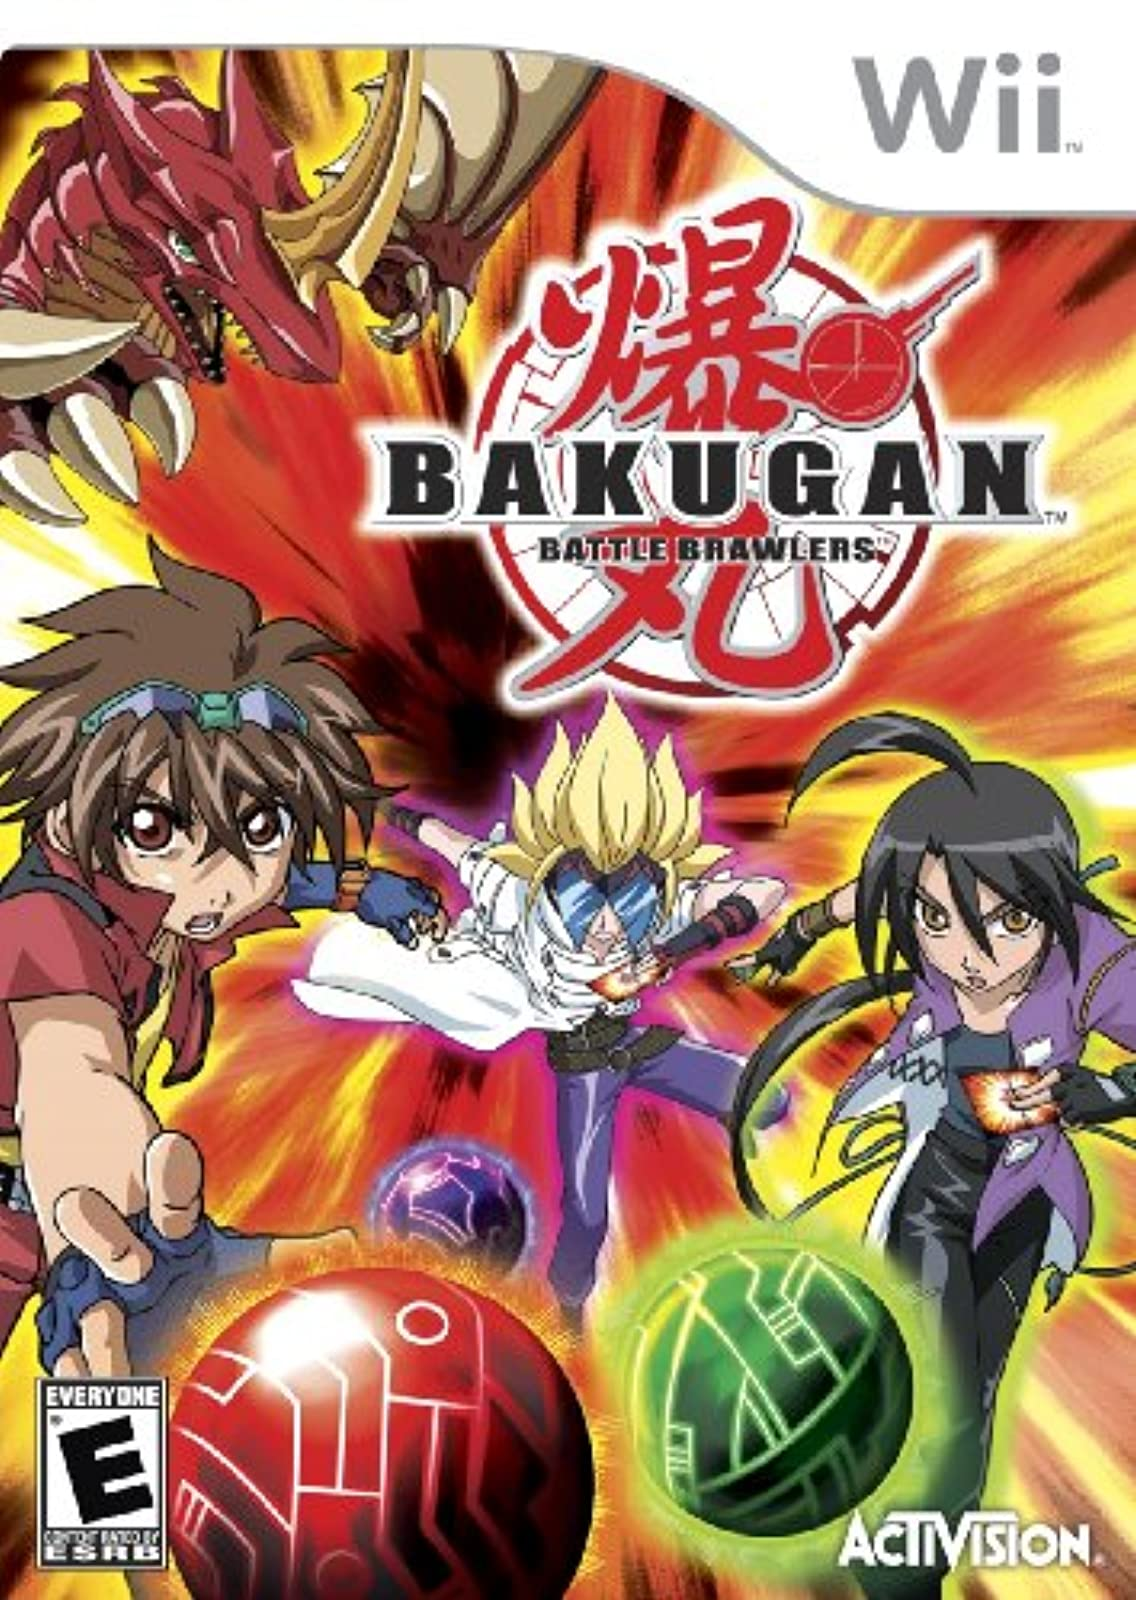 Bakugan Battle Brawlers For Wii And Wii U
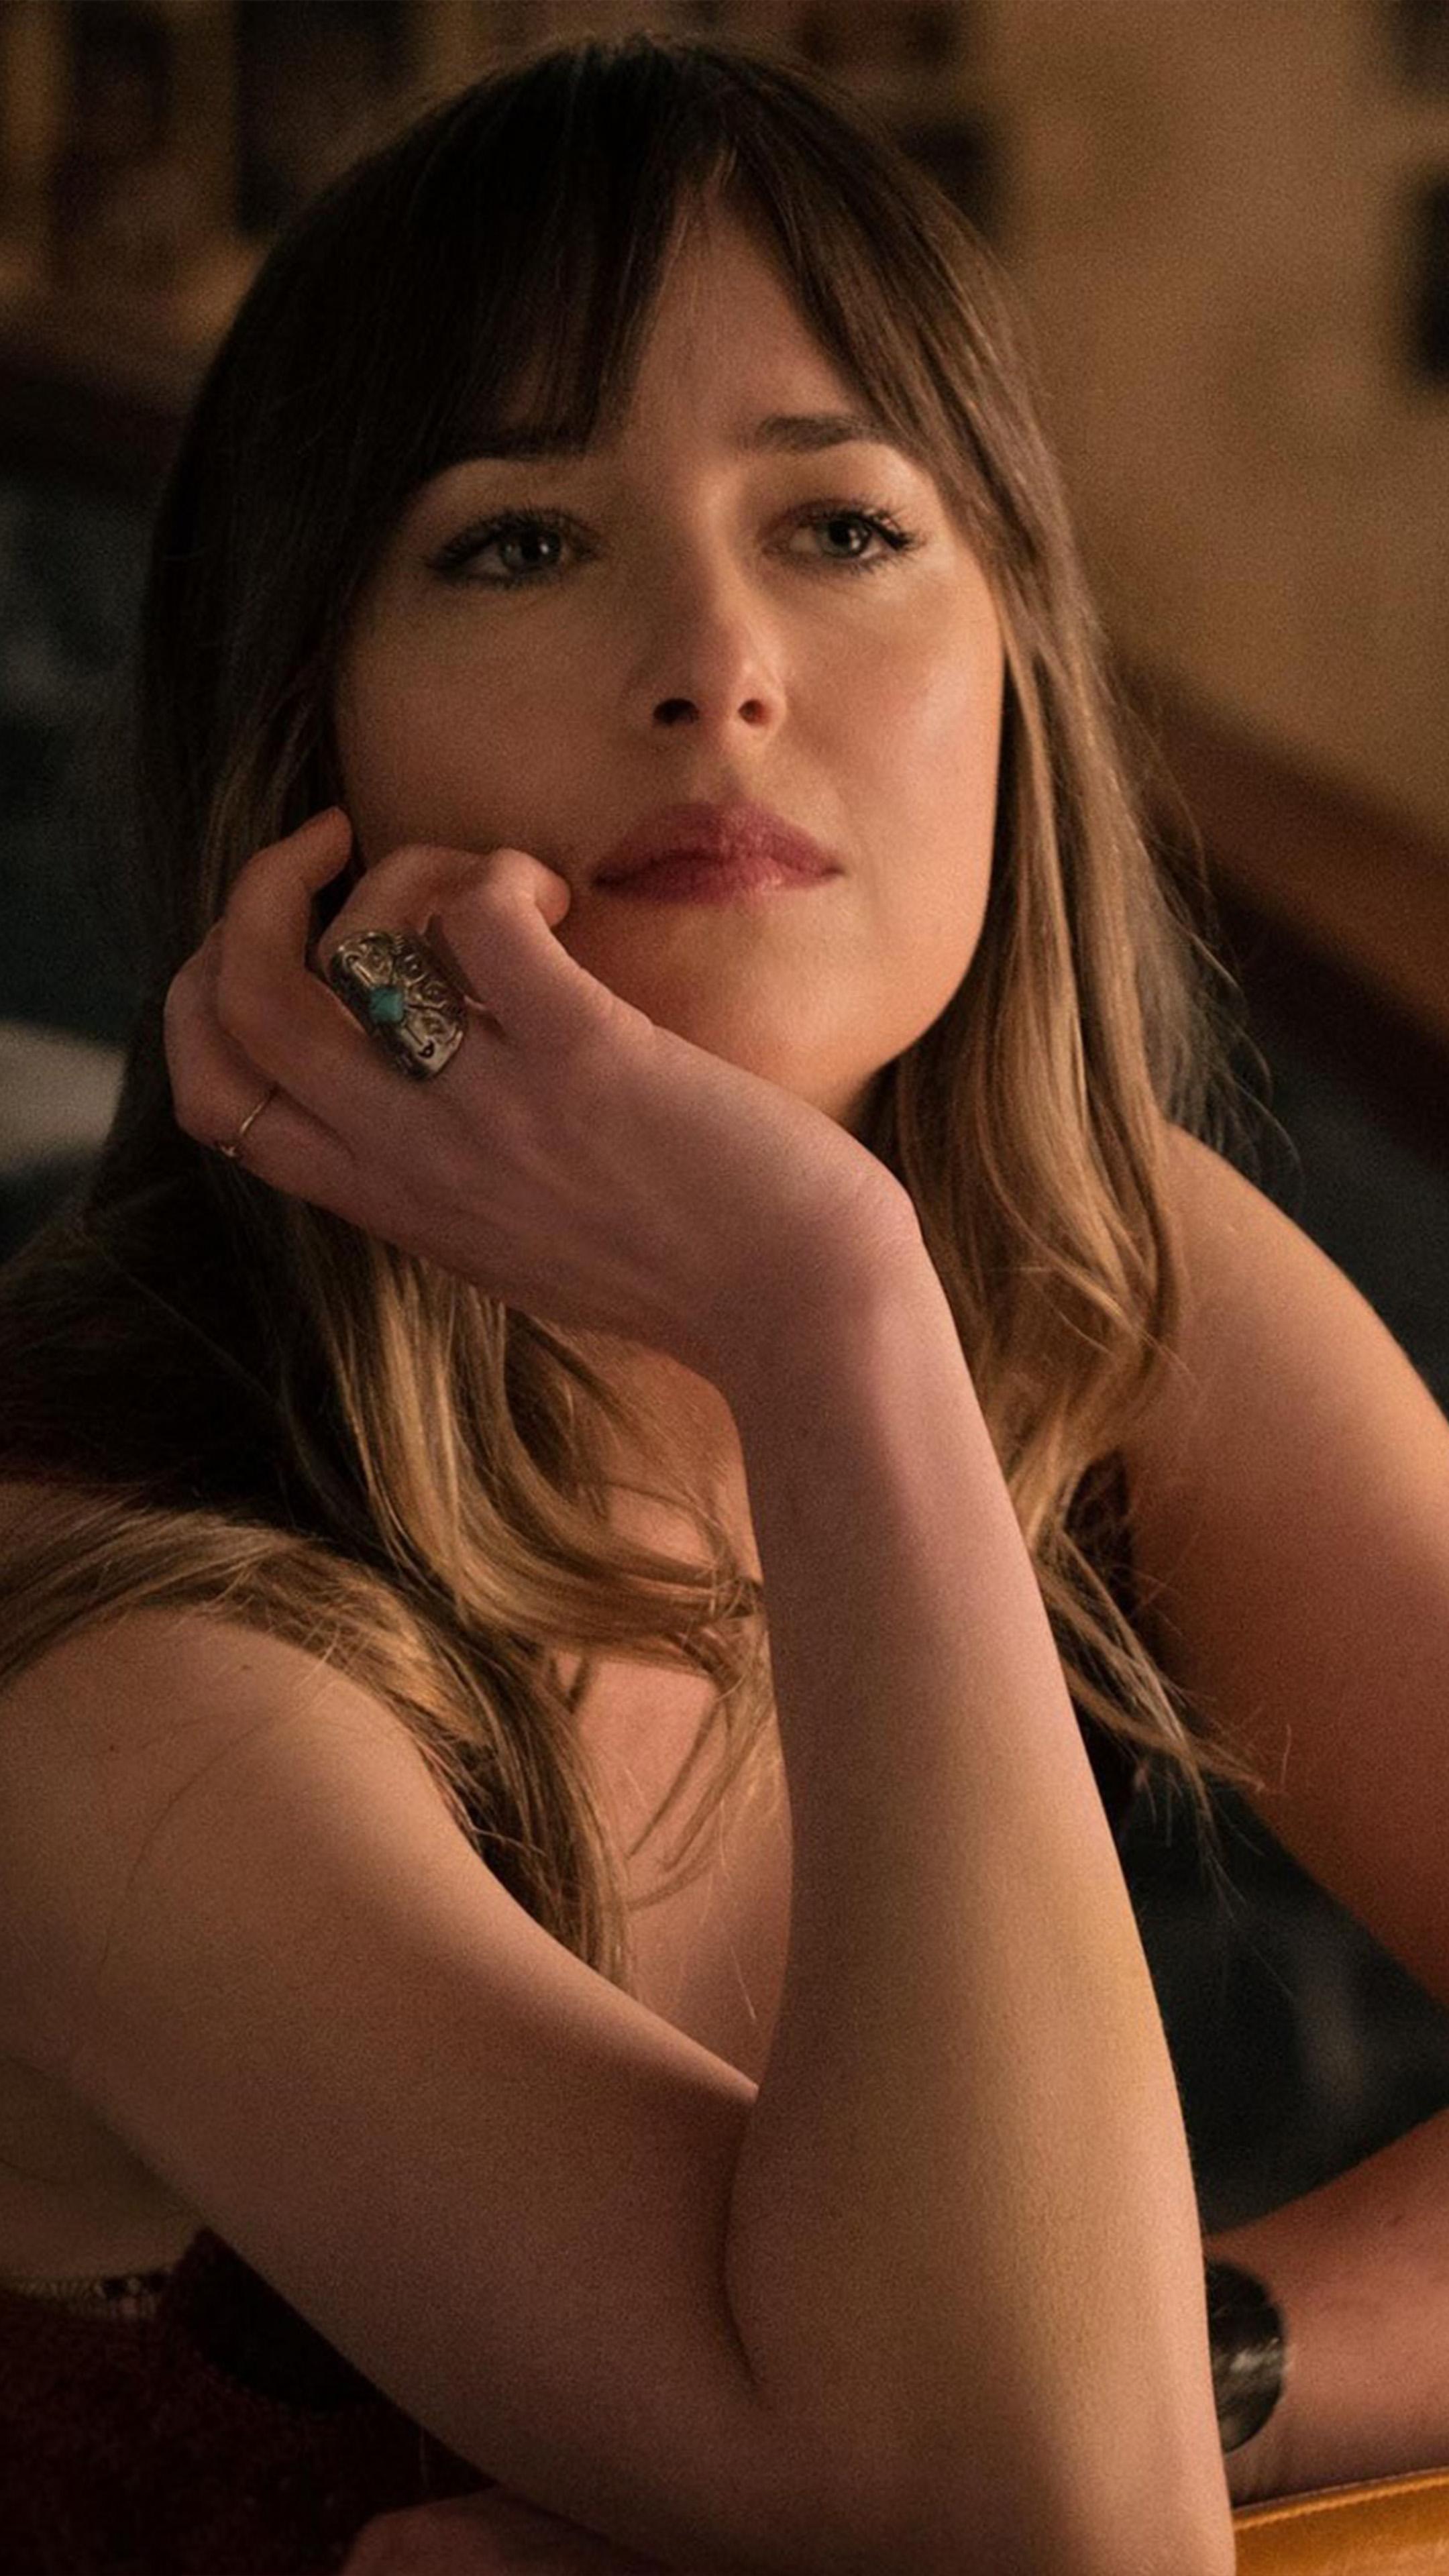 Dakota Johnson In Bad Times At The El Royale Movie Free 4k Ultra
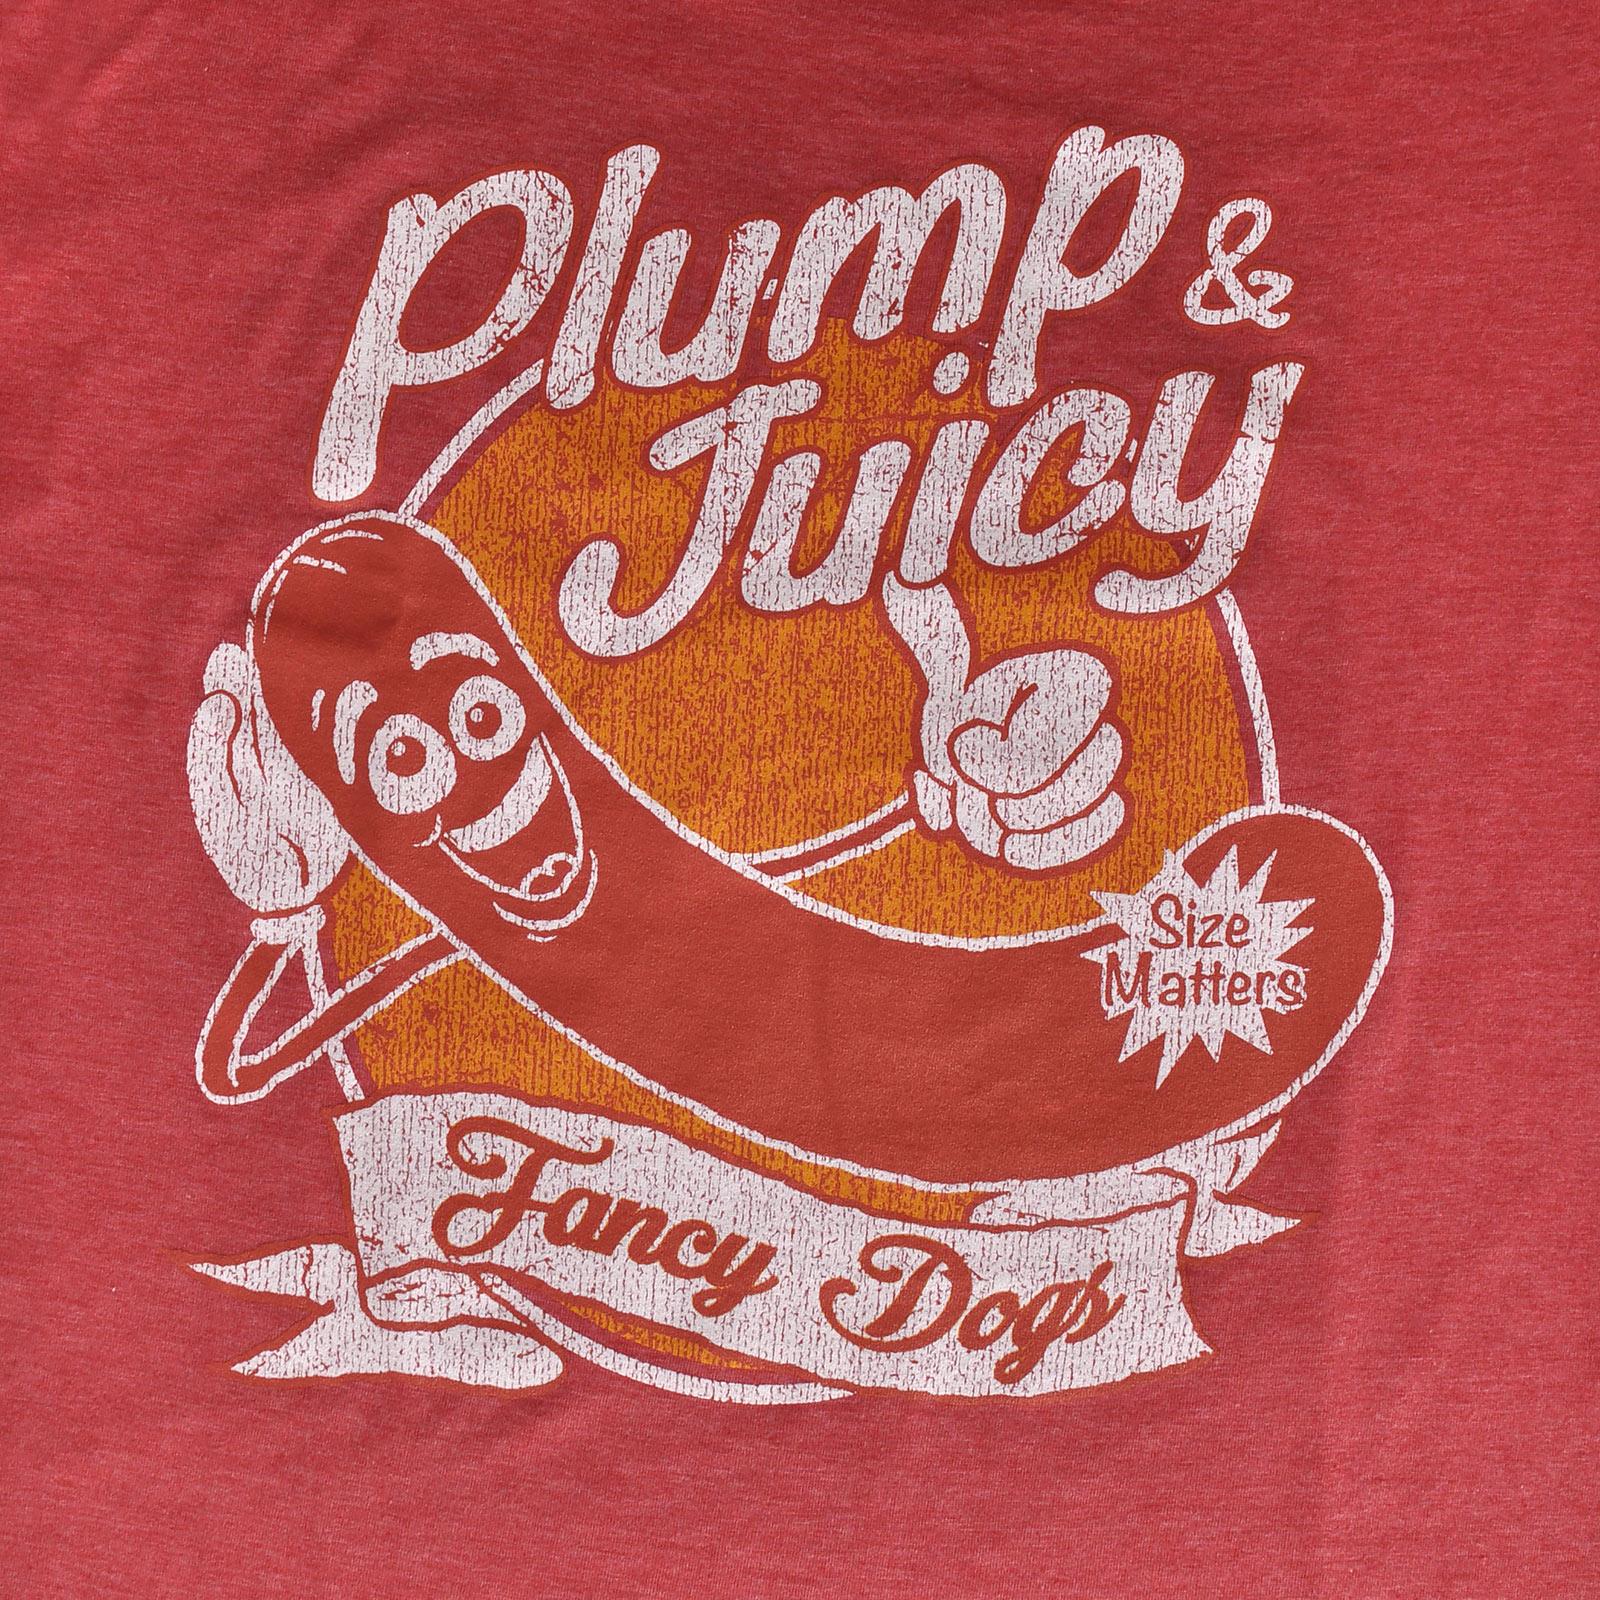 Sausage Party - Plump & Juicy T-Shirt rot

● ● ● ● ●

Reproduce the lines above, exactly and exclusively, from the line containing "Dakota Johnson In" down to the last line, both included; pictures are not part of the copy.

 Dakota Johnson In Bad Times At The El Royale Movie Free 4k Ultra
 Sausage Party - Plump & Juicy T-Shirt rot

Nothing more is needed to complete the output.